Entropy Constrained Information Bottleneck
Sparse and Low-Dimensional Models for High-Dimensional Data Final
Project, 2022
We propose to use deterministic encoding along with actual quantization
on latents, rendering the IB problem a source compression. By doing so, finite non-trivial
mutual information can be estimated.
Black-box Adversarial Attacks with Style Information
E6691 Final Project, 2022
We propose two types of blackbox attacks based on style transfer and
investigate how robust classifiers behave against them.

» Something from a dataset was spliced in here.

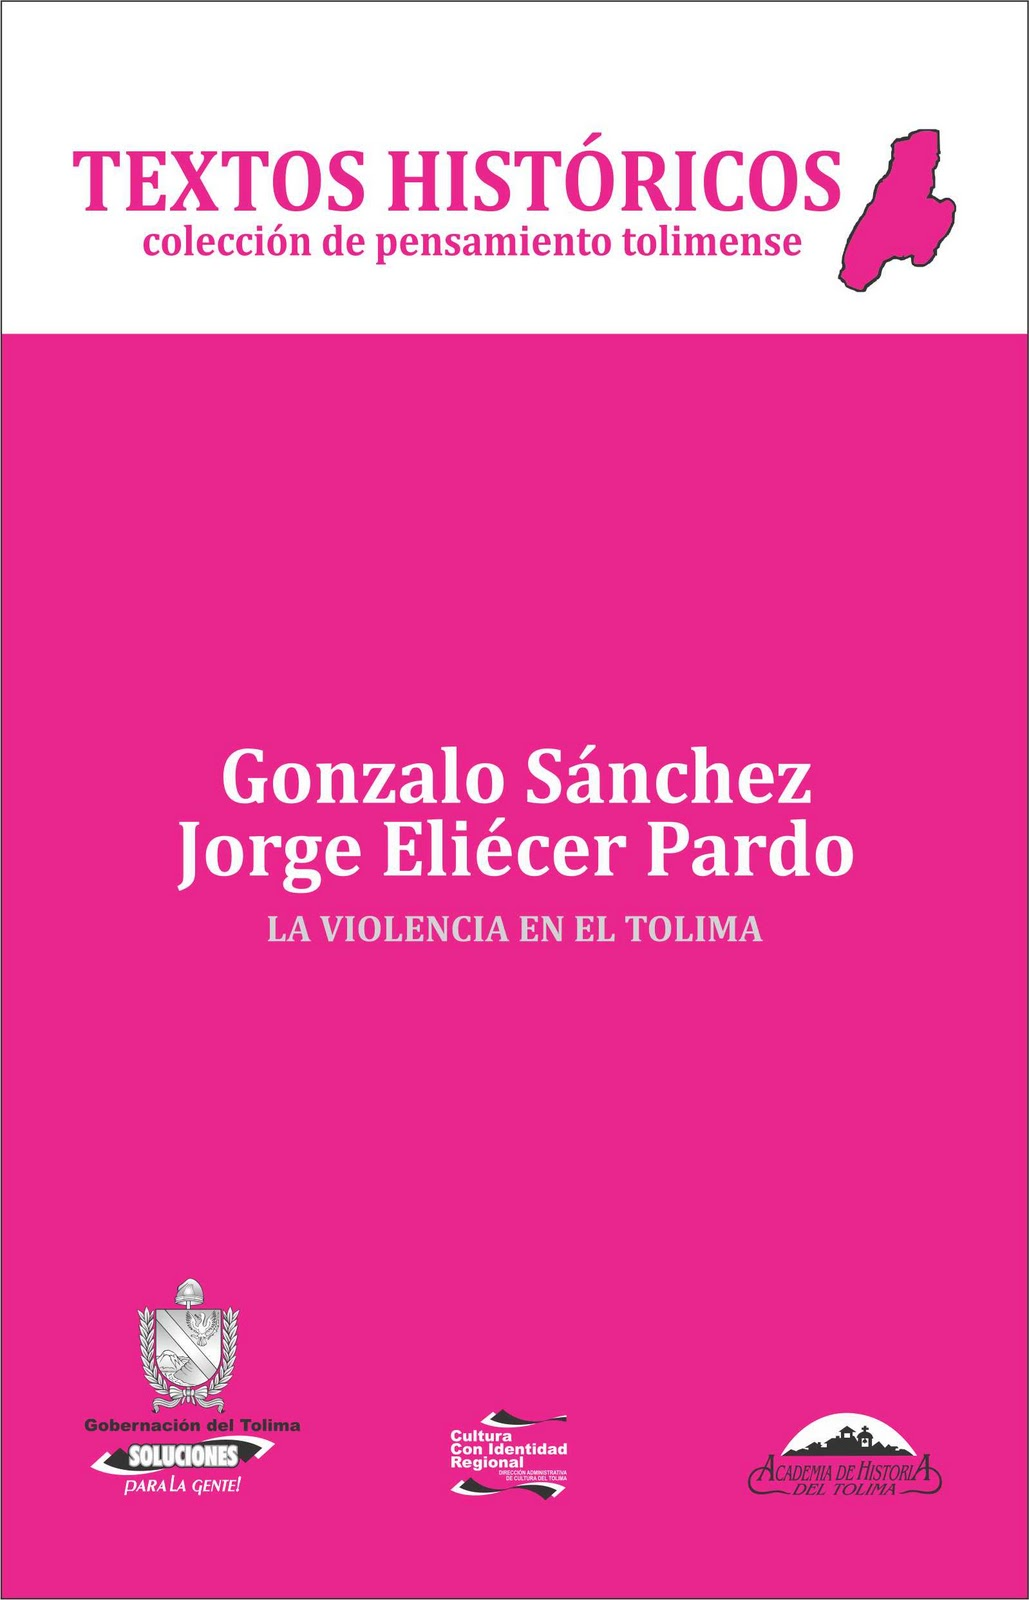 http://3.bp.blogspot.com/-huCzDeq76aU/Trfob3aVd8I/AAAAAAAADHs/PMlRNtGlEFE/s1600/Gonzalo+Sanchez.jpg

Unsupervised Harmonic Sound Source Separation with Spectral
Clustering
Unsupervised Machine Learning Final Project, 2021
We modeled mixed sources of audio signals by sinusoidal modeling with Short-Time Fourier
Transforms. Based on selected spectral peaks of sinusoidal parameters, we constructed a
similarity function between time and frequency components, and applied spectral clustering
to globally partition the data.
Exploring Diverse Ways To Improve An Agent On Active Object
Localization With Deep Reinforcement Learning
E6885 Final Project, 2021
We proposed improvement to using DQNs for Object Detection from four aspects,
including using advanced CNNs to generate state representation, defining more flexible
action spaces, changing reward function to avoid undesired activity in agent
and using mask instead cross for multiple objects.
Design and Optimization of a Multi-scale Representation based Image
Compression Network
Undergraduate Thesis, 2021
Learned image compression has surpassed the rate-distortion performance of hand-crafted
traditional image codecs in recent years. However, they are not yet practical because of
their significantly slower decoding speed than classical algorithms. We investigated the
possibility of directly performing vision tasks in the latent space and found that using a
multi-scale encoder helped preserve semantic meaning in latent codes while maintaining
state-of-the-art compression rates.
Dynamic Disparity Range Semi-Global Matching for Video Stereo
Matching
Computer Vision Final Project, 2020
Implemented an accelerated stereo matching algorithm for video sequences, utilizing a
dynamic disparity range search based on temporal correlation between frames, saving 21% of
computational time with minimal accuracy loss. Designed a Divided Section cost function,
preserving more
information than Census cost, achieving 18% better matching accuracy while trading off
computational complexity.